JpGU-AGU Joint Meeting 2020

Presentation information

[E] Oral

M (Multidisciplinary and Interdisciplinary) » M-IS Intersection

[M-IS02] Environmental, socio-economic and climatic changes in Northern Eurasia

convener:Pavel Groisman(NC State University Research Scholar at NOAA National Centers for Environmental Information, Asheville, North Carolina, USA), Shamil Maksyutov(National Institute for Environmental Studies), Evgeny P Gordov(Institute of Monitoring of Climatic and Ecological Systems SB RAS), Akiyo Yatagai(Hirosaki University)

[MIS02-02] Revised methane emission estimate for West Siberia based on Landsat mapping of wetland types

*Shamil Maksyutov1, Irina E Terentieva2, Alexander F Sabrekov2, Ilya Filippov3, Mikhail V Glagolev4,5 (1.National Institute for Environmental Studies, Tsukuba, Japan, 2.Institute of Ecology and Evolution, RAS, Moscow, Russia, 3.Yugra State University, Khanty-Mansyisk, Russia, 4.Institute of Forest Science, RAS, Uspenskoe, Russia, 5.M.V. Lomonosov Moscow State University, Moscow, Russia )

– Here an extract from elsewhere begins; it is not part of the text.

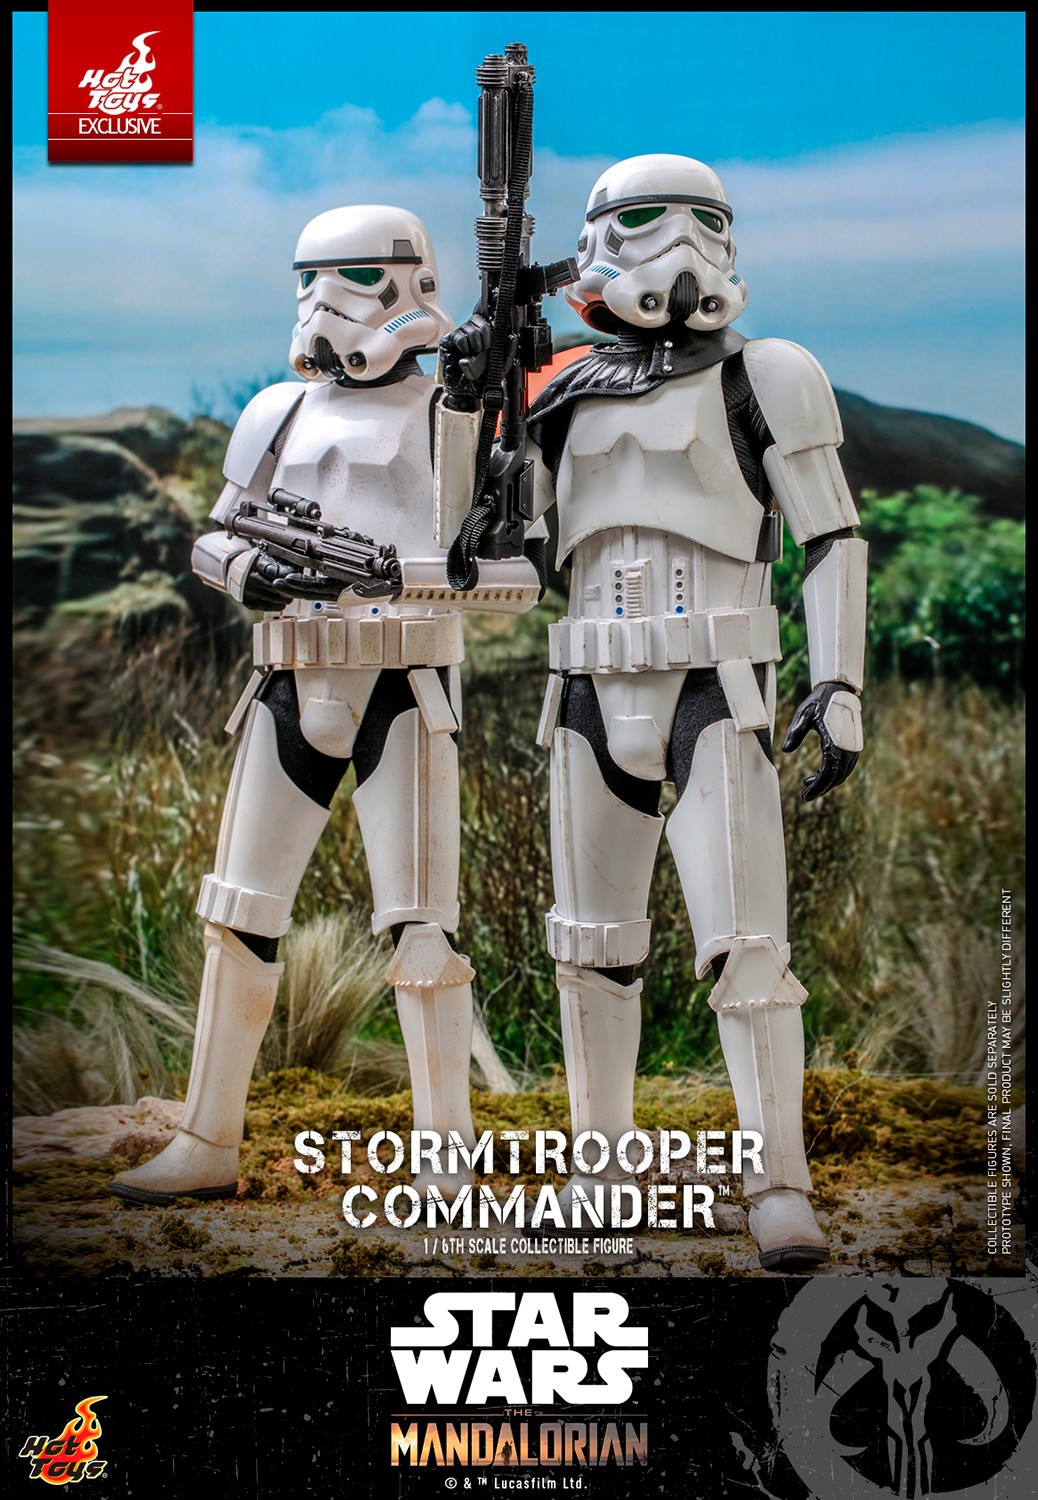 stormtrooper-commander_star-wars_gallery_63dab07c0b9cf.jpg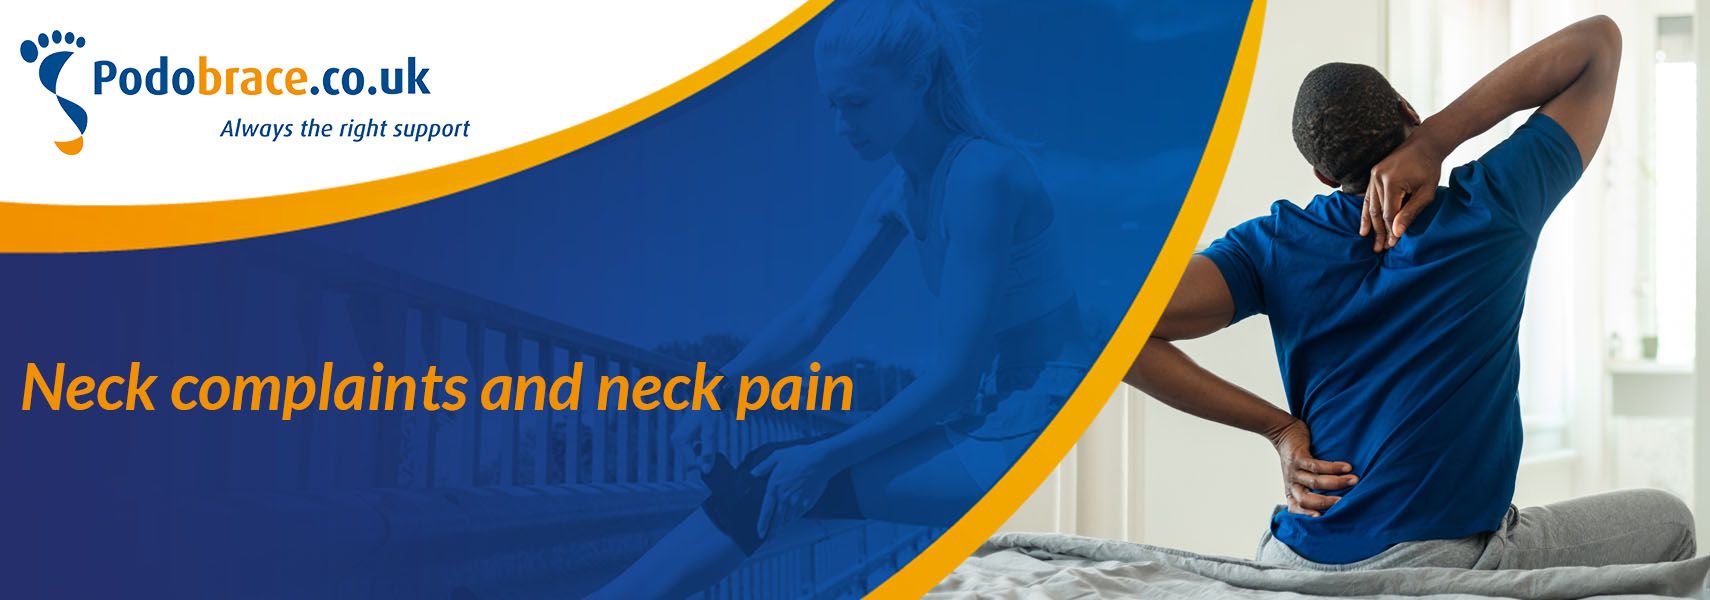 Neck complaints and neck pain

Keywords:wetland mapping, Landsat, methane emissions, West Siberia

Quantifying boreal wetland extent and wetland methane emissions is important for estimating the amplitude of methane emission feedback to climate change and the relative contribution of natural and anthropogenic emissions at the national scale. Fine-scale heterogeneity of wetland landscapes and methane emission rates poses a serious challenge for producing regional-scale estimates of greenhouse gas fluxes based on point observations and wetland maps. In order to reduce emission uncertainties at the regional scale, we mapped wetlands and water bodies in the West Siberian lowland (WSL) using a supervised classification of Landsat imagery. Mapping was guided by training data composed of high-resolution images and field data collected at 41 test areas visited for observations of methane emissions with a static chamber method. The classification scheme suited for methane emission inventory included 7 wetland ecosystem types distinguishable on high resolution (1-2 m) images constituting 9 different wetland complexes distinguishable at the Landsat resolution. To support the use of 30 m Landsat images, fractional coverage of wetland ecosystems within each wetland complex type was estimated using high-resolution images. The total area of the WSL wetlands and water bodies was estimated to be 70.78 Mha. Various oligotrophic environments are dominant among wetland ecosystems, while different fens cover only 14% of the taiga area. In WSL, taiga contributes 85% to regional methane flux and tundra only 8%. Elevated environments as forested bogs and ridges emit at the lowest rates. They account for only 2% of the regional total emissions occupying almost 40% of the wetland area. Applying the new map resulted in total methane emissions of 4.6 TgCH4/yr which is higher than the earlier estimate based on paper maps, due to larger area fraction of mesotrophic open wetlands found in the middle taiga zone. The revision resulted from the changes in fractional coverages of methane emitting ecosystems due to the fill area coverage of the WSL with Landsat-based mapping.